BlackRock leads $150m round in China’s Luckin Coffee
Chinese coffee shop chain Luckin Coffee has raised $150 million in an extended Series B round at a valuation of $2.9 billion. It was led by BlackRock, which committed $125 million to the deal.
The investment comes only three months after Luckin's Series B, which saw $200 million raised from three existing investors - GIC Private, Centurium Capital, Joy Capital - and new entrant China International Capital Corporation. At that point, the company was said to be worth $2.2 billion.
Luckin started operations as recently as January 2018, but within six months it had secured $200 million in Series A funding. Centurium, a GP established by ex-Warburg Pincus China head David Li, led the round and contributed $100 million.
The company is reportedly seeking a US listing, which could take place as early as May, according to Reuters.
Luckin's expansion plan is based on a combination of cheaper prices and technology.

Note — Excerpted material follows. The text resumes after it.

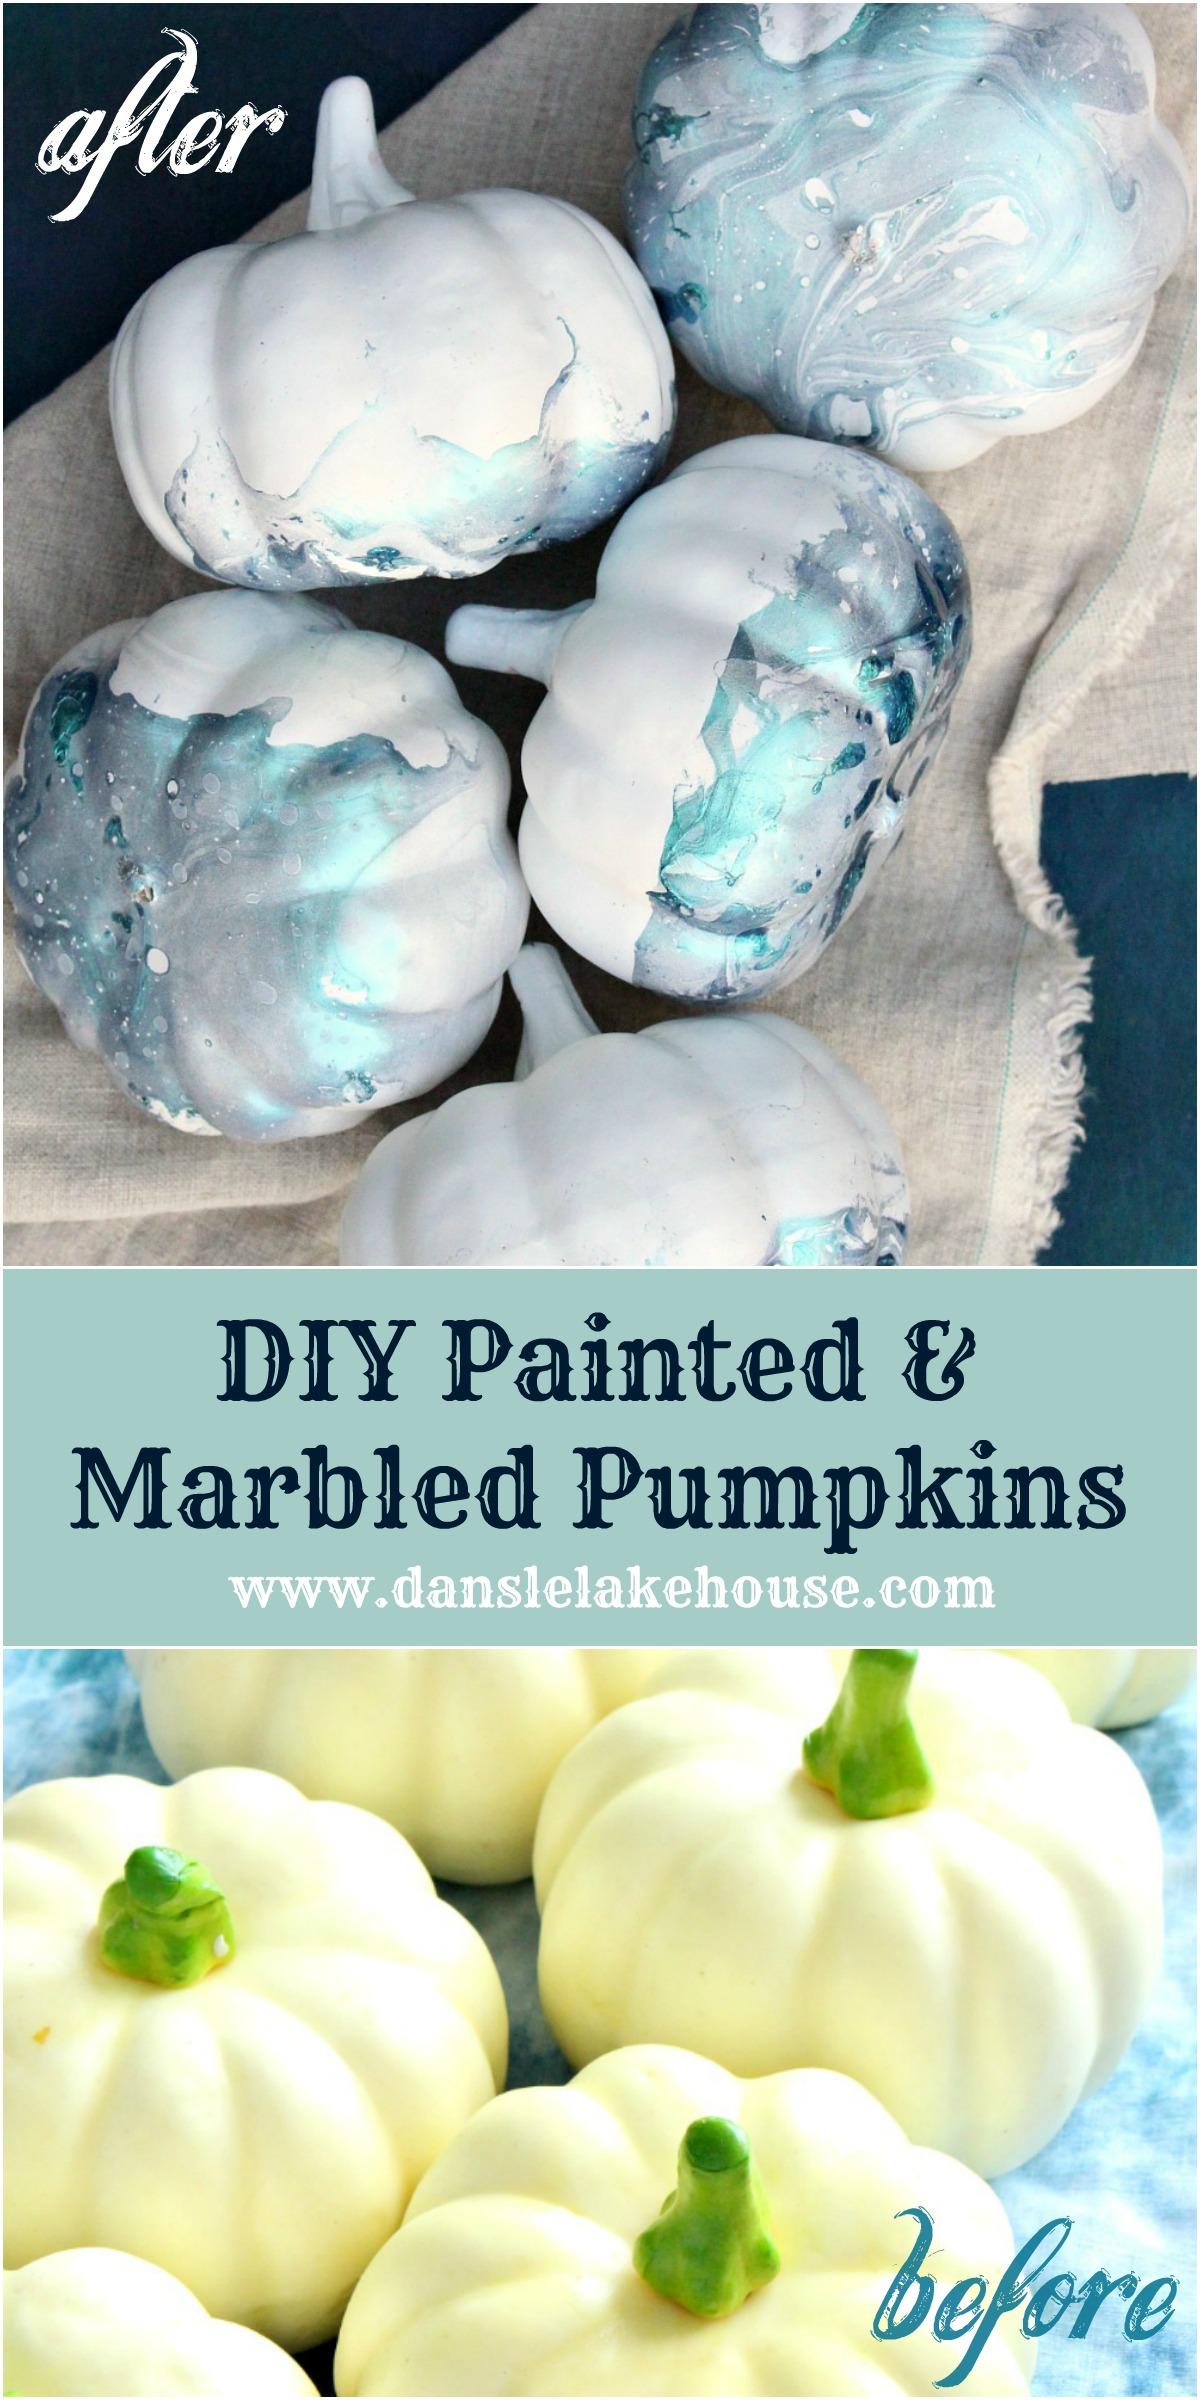 DIY painted and marbled pumpkins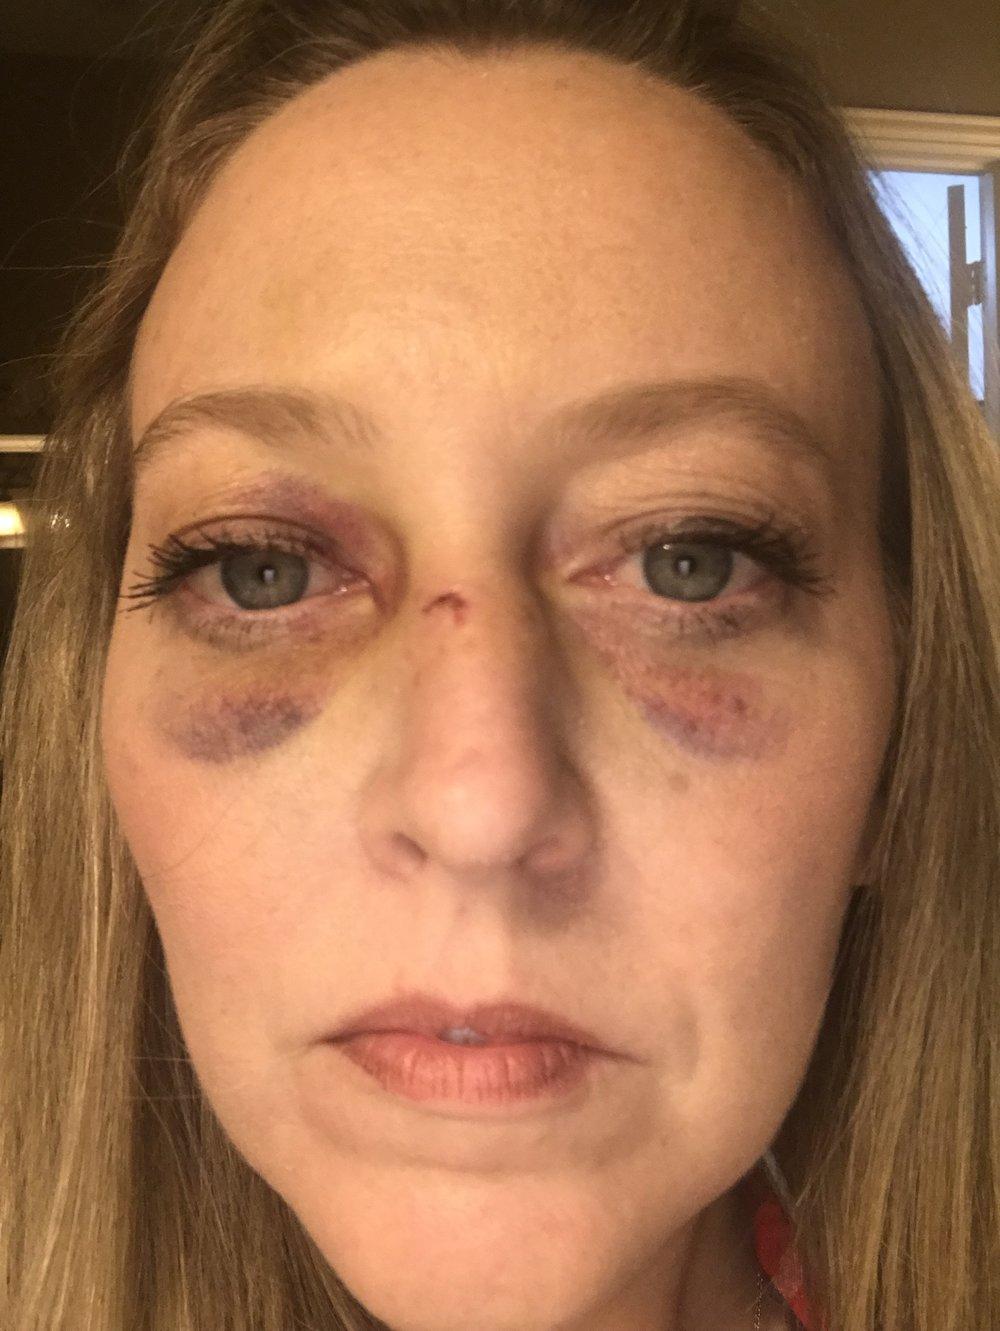 Jennifer Leedy three days after the attack.

On average, it charges 30% less than Starbucks for a latte, while customers are encouraged to place orders via an app and pay through Tencent Holdings-owned WeChat Pay or a native mobile wallet. Luckin also emphasizes delivery, with many of its outlets dedicated to fulfilling orders placed from outside.
The company grew from 525 stores in 13 cities in May to 2,073 in 22 cities as of December. It expects to open more than 2,500 outlets by the end of 2019 and also overtake Starbucks, currently the largest coffee shop chain in China, in terms of daily volume. Luckin's ultimate ambition is to become an “expandable, shelf-less Seven Eleven.”
It has previously accused Starbucks of indulging in monopolistic practices by signing exclusive rental contracts and putting pressure on industry suppliers.
Market observers have expressed concern about Luckin's rapid expansion, questioning how long it can sustain the substantial losses incurred in the battle to build market share.
According to Jiemian, a Chinese financial news portal, Luckin sold 85 million cups of coffee in 2018 and its revenue for the first nine months of the year reached RMB375 million. But new store openings and discount offers weigh heavily on the bottom line.
When the net loss for the first nine months was reported to be RMB857 million, Luckin freely admitted the actual number was “way larger.” The company stressed that it was not in a rush to turn profitable and would continue with its aggressive expansion for the next three to five years.